FastAPI

FastAPI is the standard async Python framework for AI backends — Pydantic-native, SSE streaming built-in, auto-generated OpenAPI docs, and the right choice when you need a Python service to expose an LLM API.

The standard Python API framework for AI backends. Pydantic-native, async-first, auto-generates OpenAPI docs. The right choice for any Python service that needs to expose an API.

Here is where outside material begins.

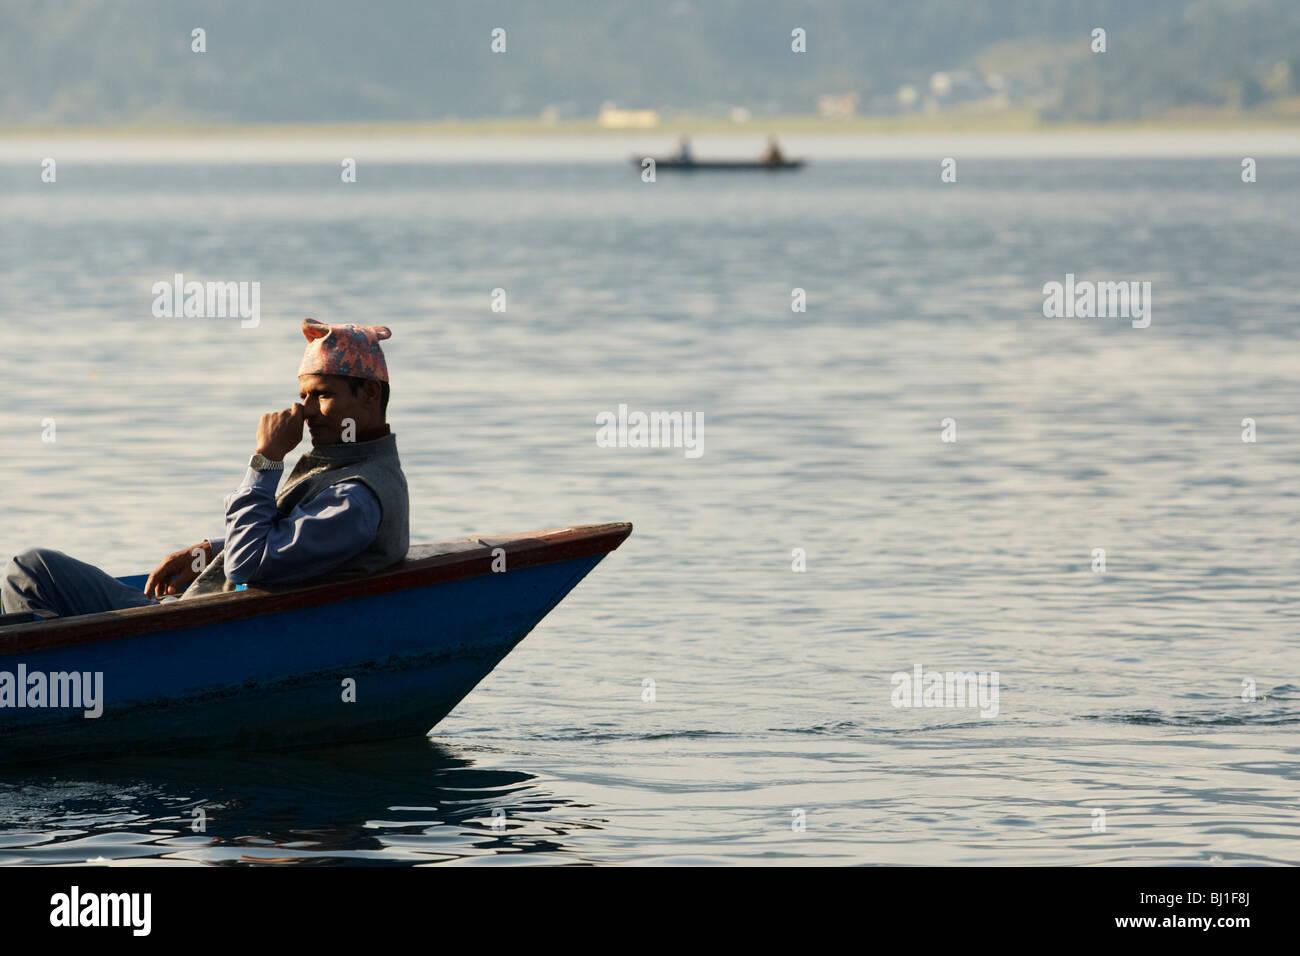 Man sitting in a canoe on Pewha Lake in Pokhara, Nepal on Monday October 26, 2009. - Stock Image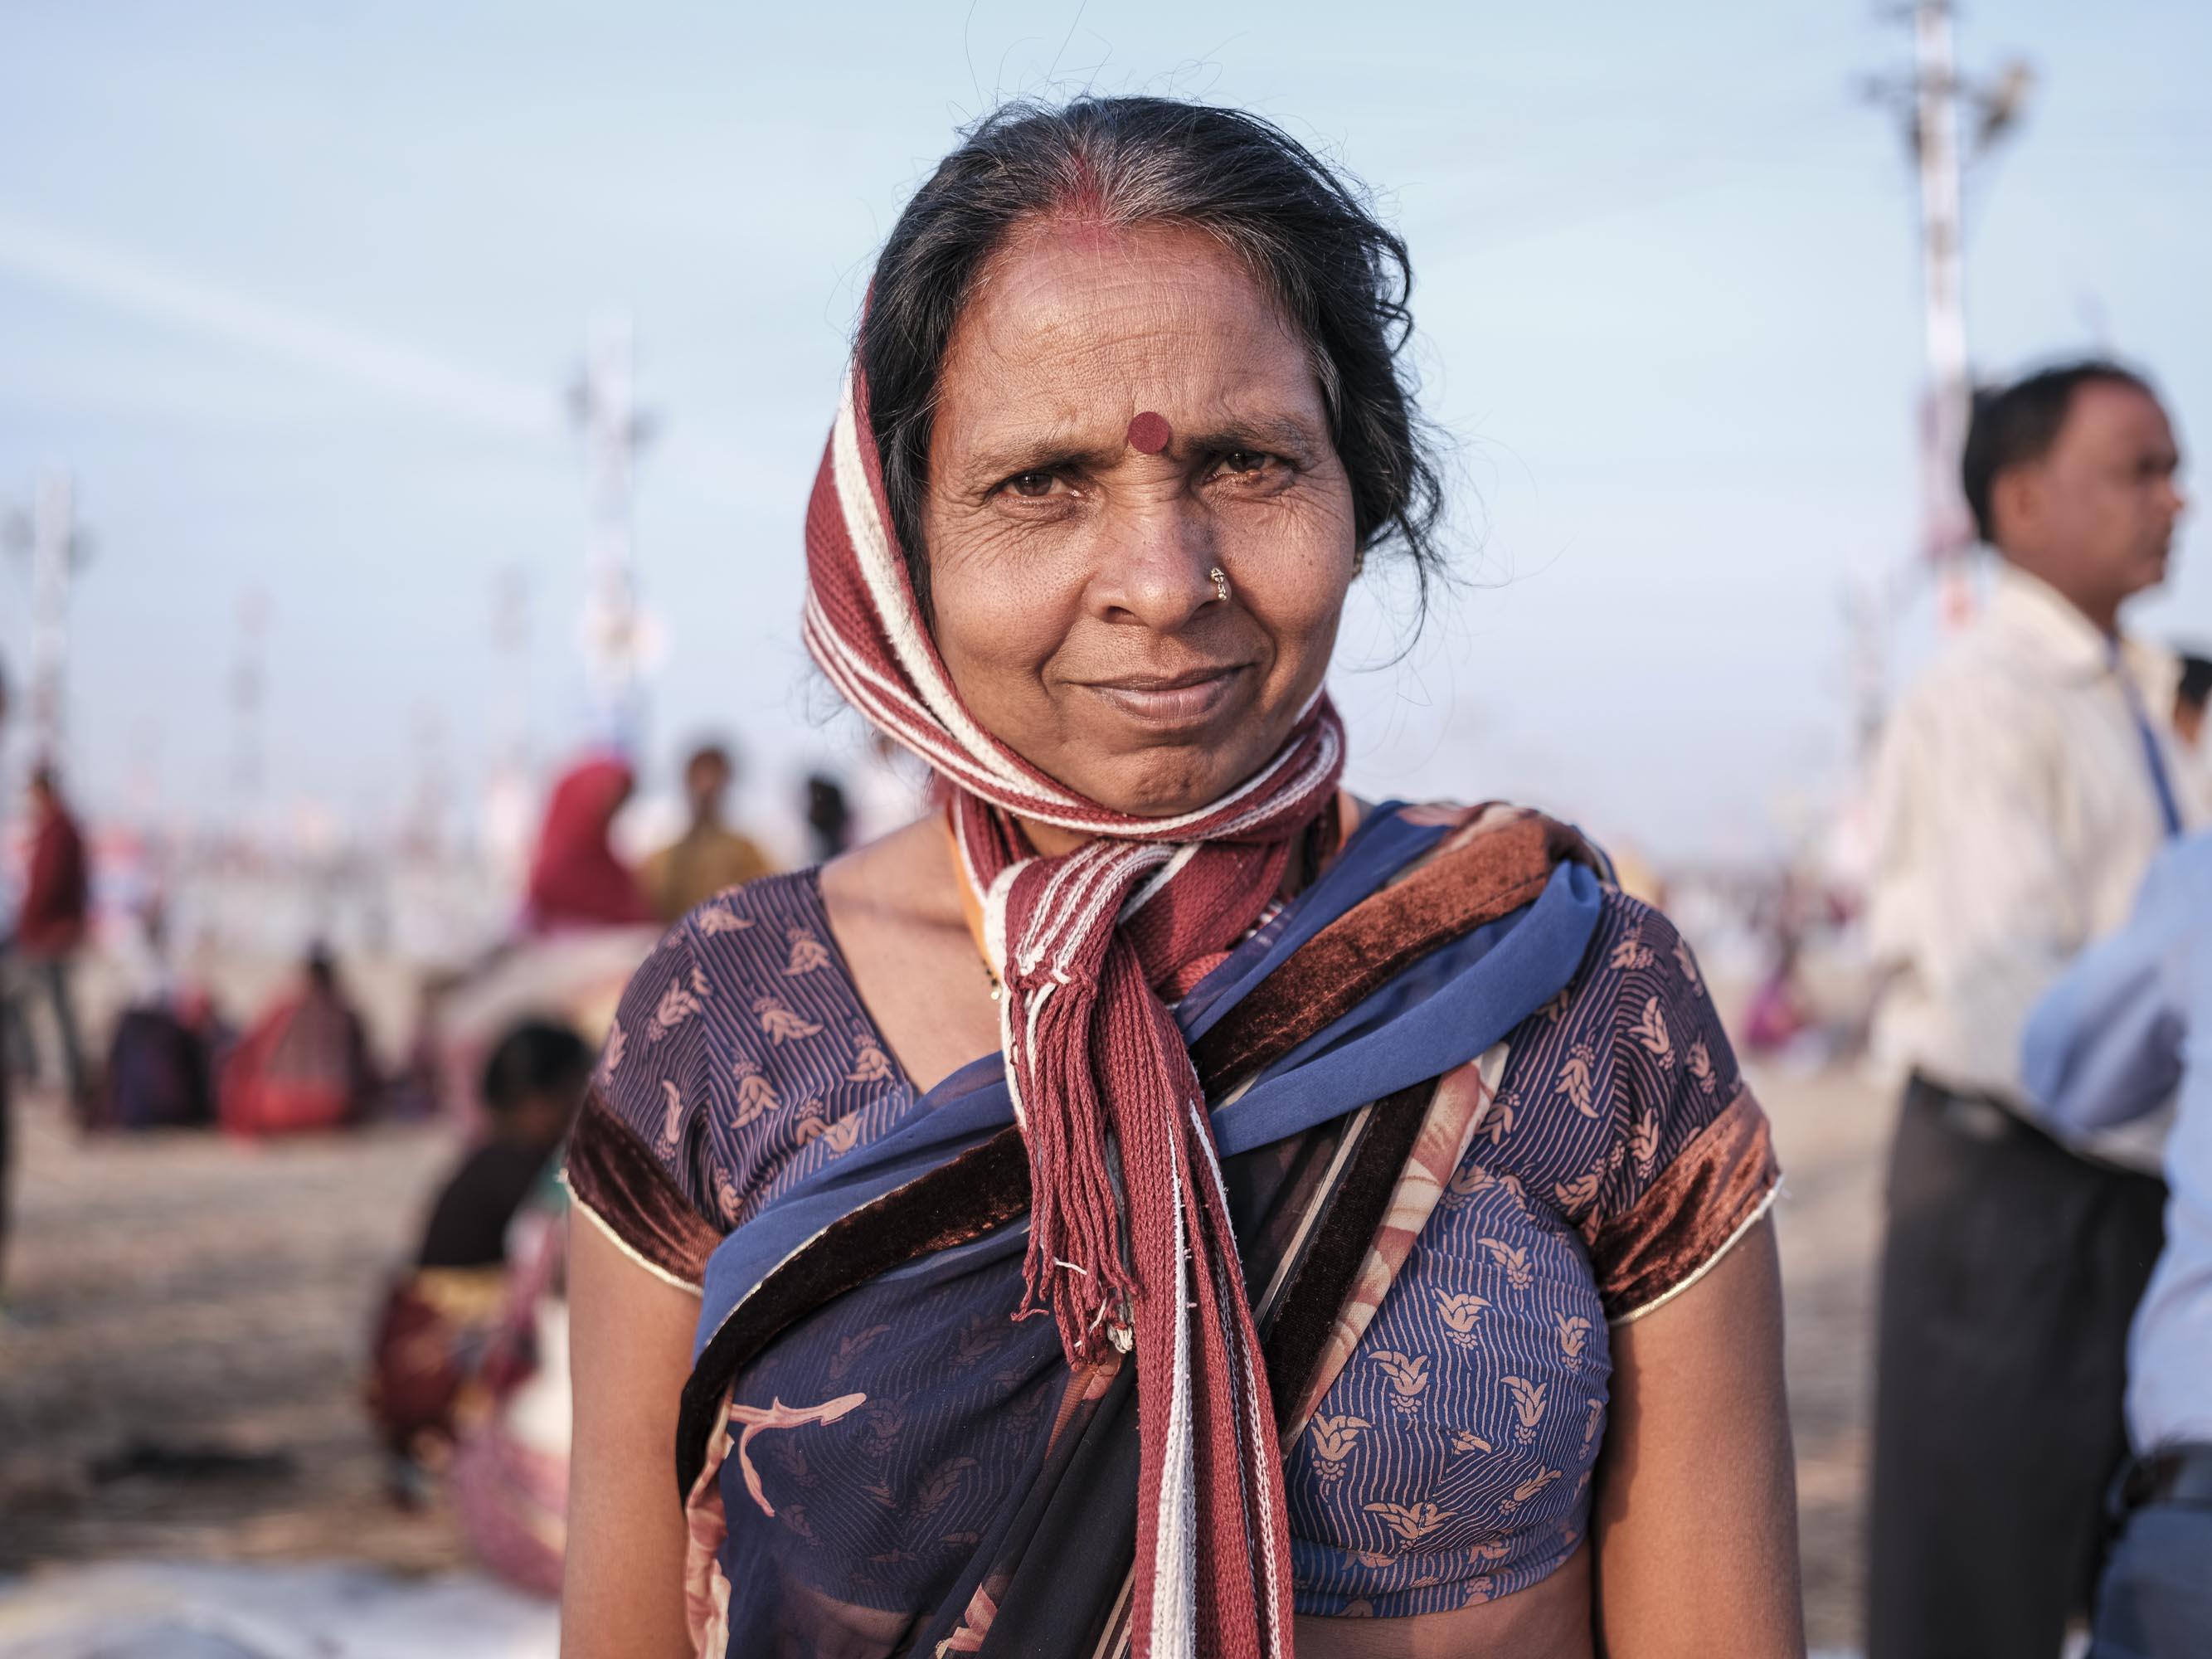 after bath lady pilgrims Kumbh mela 2019 India Allahabad Prayagraj Ardh hindu religious Festival event rivers photographer jose jeuland photography

Why FastAPI for AI Backends

  • Streaming responses — SSE built-in for LLM token streaming
  • Async-native — non-blocking LLM API calls without thread pools
  • Pydantic v2 integration — request/response validation with zero boilerplate
  • Auto-docs — OpenAPI / Swagger UI auto-generated from type hints
  • Background tasks — fire-and-forget for async work (e.g., sending results to a queue)

Minimal LLM API

from fastapi import FastAPI
from pydantic import BaseModel
from anthropic import AsyncAnthropic

app = FastAPI()
client = AsyncAnthropic()

class ChatRequest(BaseModel):
    message: str
    model: str = "claude-sonnet-4-6"
    max_tokens: int = 1024

class ChatResponse(BaseModel):
    reply: str
    input_tokens: int
    output_tokens: int

@app.post("/chat", response_model=ChatResponse)
async def chat(request: ChatRequest):
    response = await client.messages.create(
        model=request.model,
        max_tokens=request.max_tokens,
        messages=[{"role": "user", "content": request.message}]
    )
    return ChatResponse(
        reply=response.content[0].text,
        input_tokens=response.usage.input_tokens,
        output_tokens=response.usage.output_tokens,
    )

Streaming Responses (SSE)

Server-sent events for streaming LLM tokens to the client.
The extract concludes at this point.